NASA’s Jay Zwally not only predicted a possible ice-free Arctic this summer, but his work also formed the basis of Hansen’s five metres of sea level rise .
Hansen still argues 5m 21st C sea level rise possible
This is interesting – here is the latest paper from James Hansen and coauthor Miki Sato Paleoclimate Implications for Human-Made Climate Change. If you are up to reading climate science papers it’s highly recommended (I’m a little slow in getting to it – the press release was Dec 8th 2011 but I just got to reading it yesterday and today).
A little background is in order – one of the serious scientific debates in the climate science community over the last decade has been the implications of the unexpectedly large acceleration of glacier discharge in Greenland and Antarctica and in particular a discovery by Zwally et al in 2002 that surface melt water can get down the base of a glacier and lubricate its motion. Prior to the early 2000s it was assumed that ice sheets would decay mainly by melting on the surface and climate models all assumed that they would decay only very slowly in a warmer world – it was a surprise to realize that the most important breakdown mode was actually basal lubrication and sliding down into the ocean.
I didn’t realize they had serious scientific debates at the nuthouse.

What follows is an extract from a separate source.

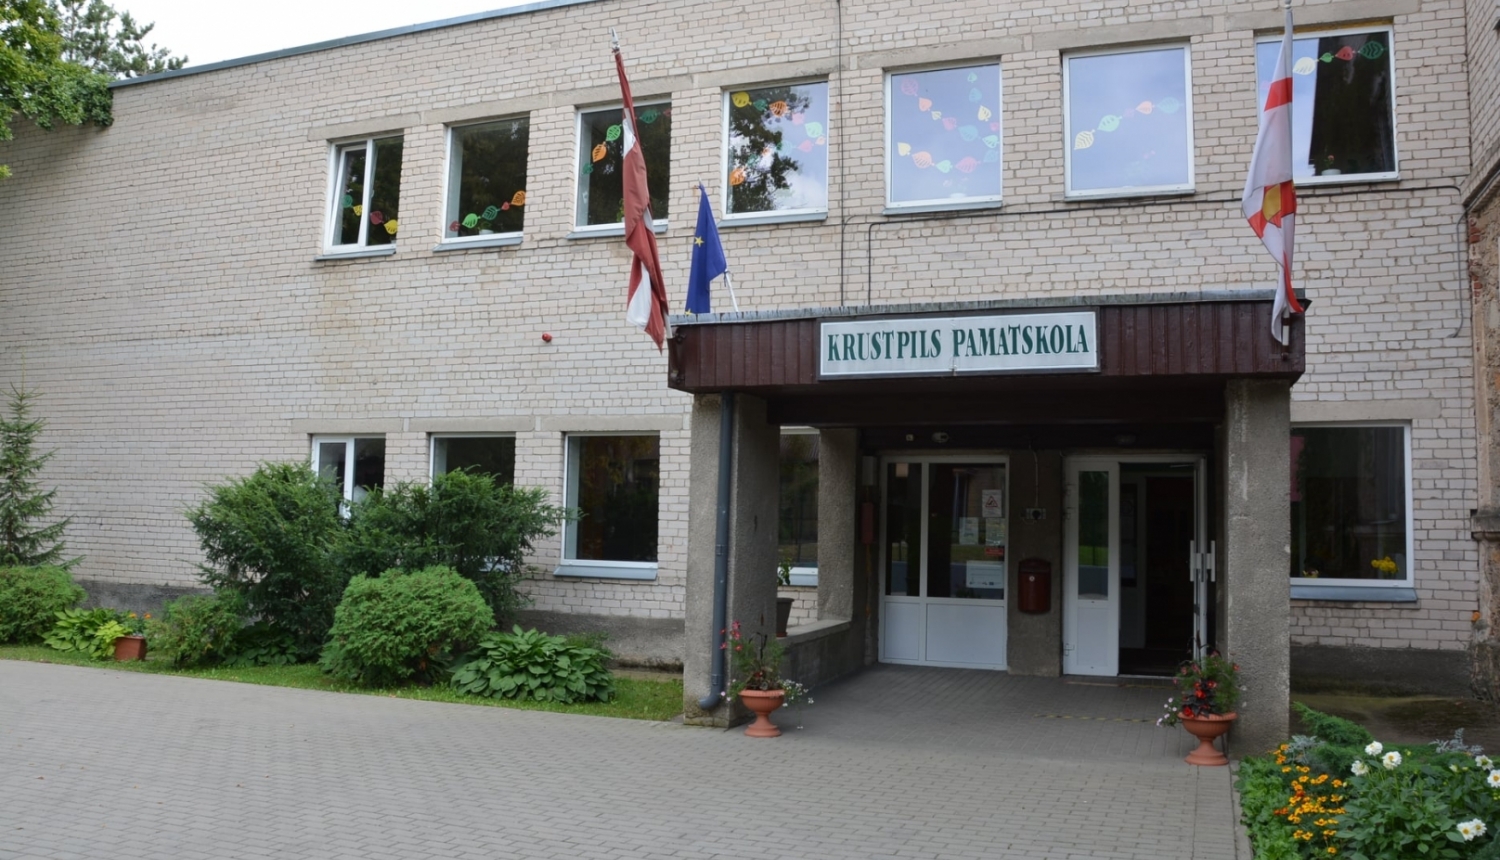 Krustpils pamatskola
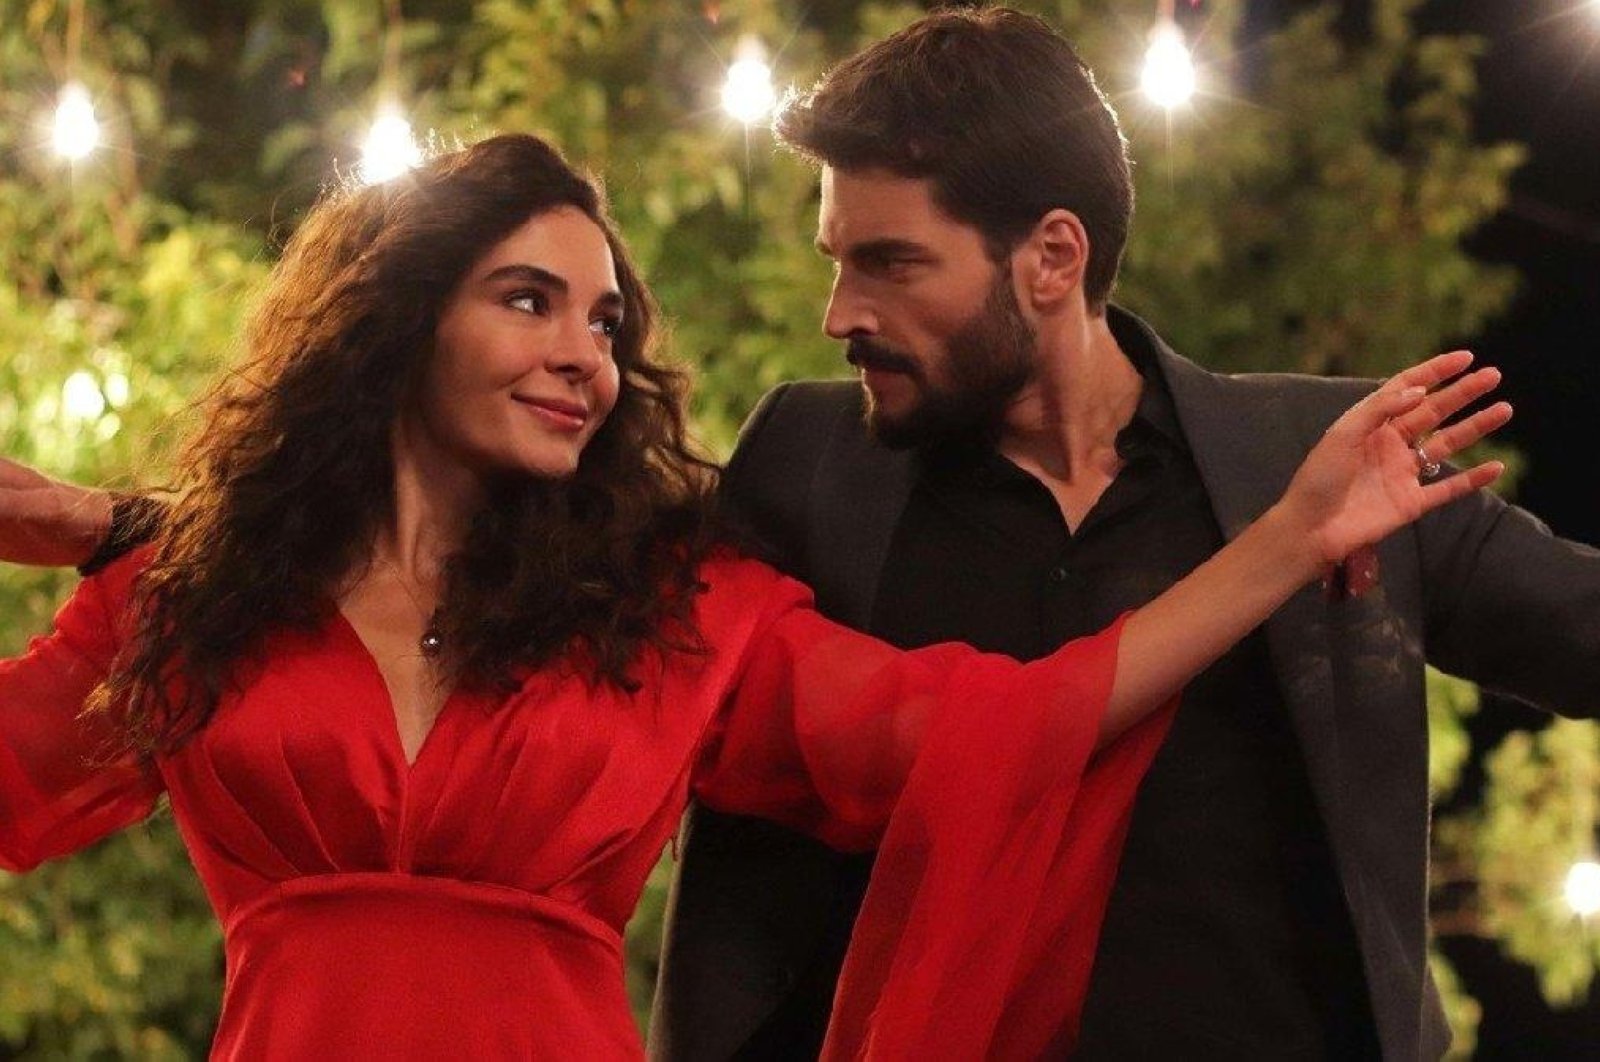 Amerikalı psikolog, Türk dizisi “Hercai”nin bir televizyon programından daha fazlası olduğunu söylüyor

I hope they don’t allow these folks to use anything sharper than a crayon.
Hansen in particular became the leading spokesman for the view that the ice sheets on Greenland and parts of Antarctica would prove quite unstable under Anthropocene conditions and might break down in a rapid non-linear manner and cause very large levels of twenty-first century sea level rise.
Hansen still argues 5m 21st C sea level rise possible | Energy Bulletin
Zwally probably confused the idea of lubricating glaciers with the idea of lubricating his condom.